See "STYLES" below for how to specify table relationships.

This option reads an existing file.bigtop and adds tables and controllers to it, before doing an all build. (If you don't want an all build, use the same options with tentmaker.)

Any new tables will be created. Whether existing tables are updated depends on you style.

Note that this option may disturb comments and whitespace in your original. It uses Bigtop::Deparser, which cannonicalizes the whitespace. Basically extraneous whitespace is removed (and indenting is regularized). When new lines are removed, subsequent comments drift down in the revised file.

Revision control is always a good idea. It is especially important here. Make sure file.bigtop is commited to your revision control system prior to running bigtop in add mode.

--keep_inline (or -k)
Normally, this script removes all traces of the _Inline directory it used while building your app. Use this option if you want to save a microscopic amount of time on each regeneration or if you have an incurable curiosity.

Note that the directory will only be removed if it is really _Inline in the current directory. If you have a .Inline directory under home directory etc., the script will not affect it.

--style (or -s)
Defaults to Kickstart. This can be the name of any Bigtop::ScriptHelp::Style:: module. These styles control how your command line args, and standard input, turn into bigtop descriptions. See the docs for you style to see what input is legal and how it is treated.
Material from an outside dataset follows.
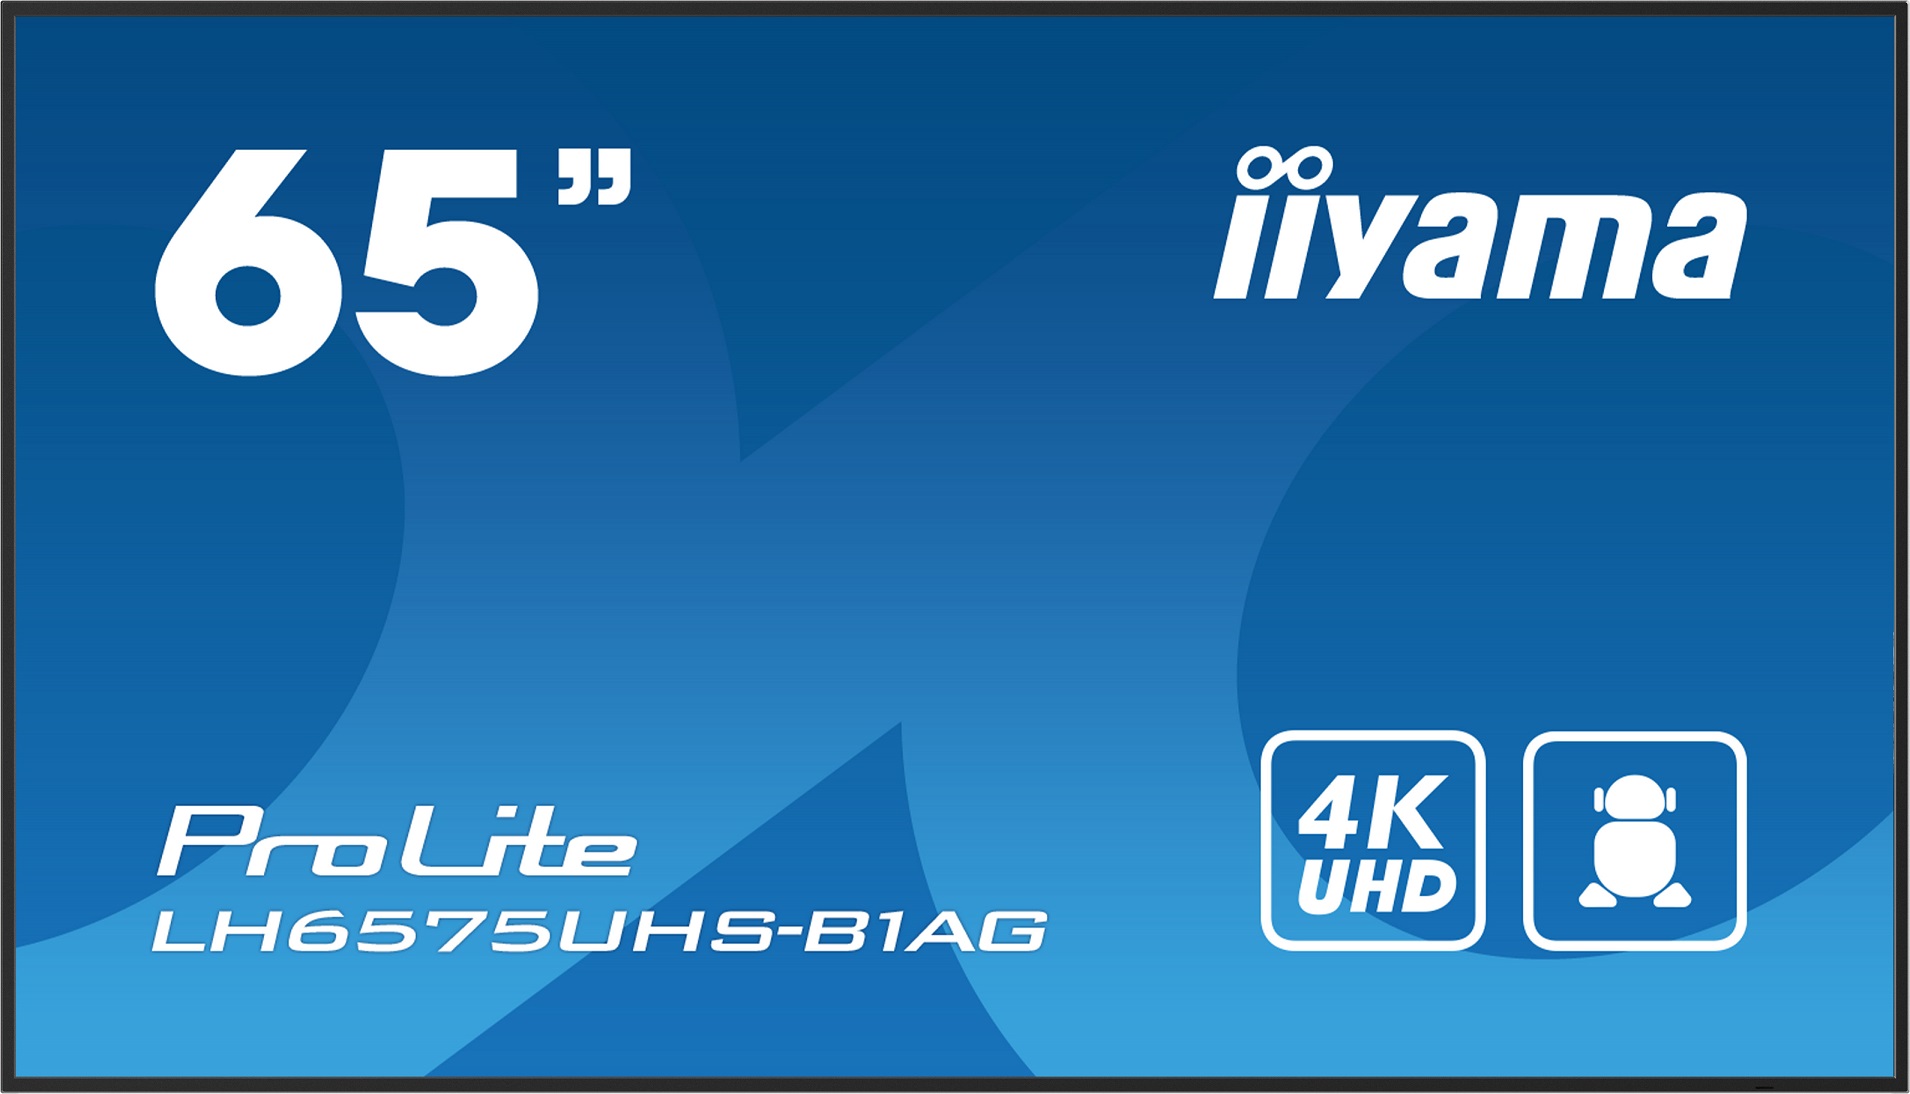 65'' iiyama LH6575UHS-B1AG: IPS,4K UHD,Android,24/7

In addition to the flags that do useful things, there are help flags:
--help or -h
Prints a multi-line usage message showing all the options.
--pg_help and --mysql_help
Print advice on how to start your app.server with a Postgres or MySQL database instead of sqlite. This includes instructions on creating and building the database, as well as flags app.server needs in order to reach that database.

This section used to explain ASCII art, which was the original style of command line input. Since then, that code has been factored out. The original style is now called the kickstart style, or more precisely "Bigtop::ScriptHelp::Style::Kickstart" and is still the default. See its docs for a description of ASCII art.

You may explicitly choose the original style:

    bigtop -n|-a -s Kickstart 'ascii_art'

But, you may omit -s to get Kickstart by default. Further, you can replace Kickstart with any module in the Bigtop::ScriptHelp::Style:: namespace. For example:

    bigtop -n|-a -s Pg8Live 'dbi:Pg:dbname=yourdb' user pass [schema]

Again, see the docs for your style to see what command line parameters to use.

Phil Crow <crow.phil@gmail.com>

Copyright (C) 2005-7 by Phil Crow

This library is free software; you can redistribute it and/or modify it under the same terms as Perl itself, either Perl version 5.8.6 or, at your option, any later version of Perl 5 you may have available.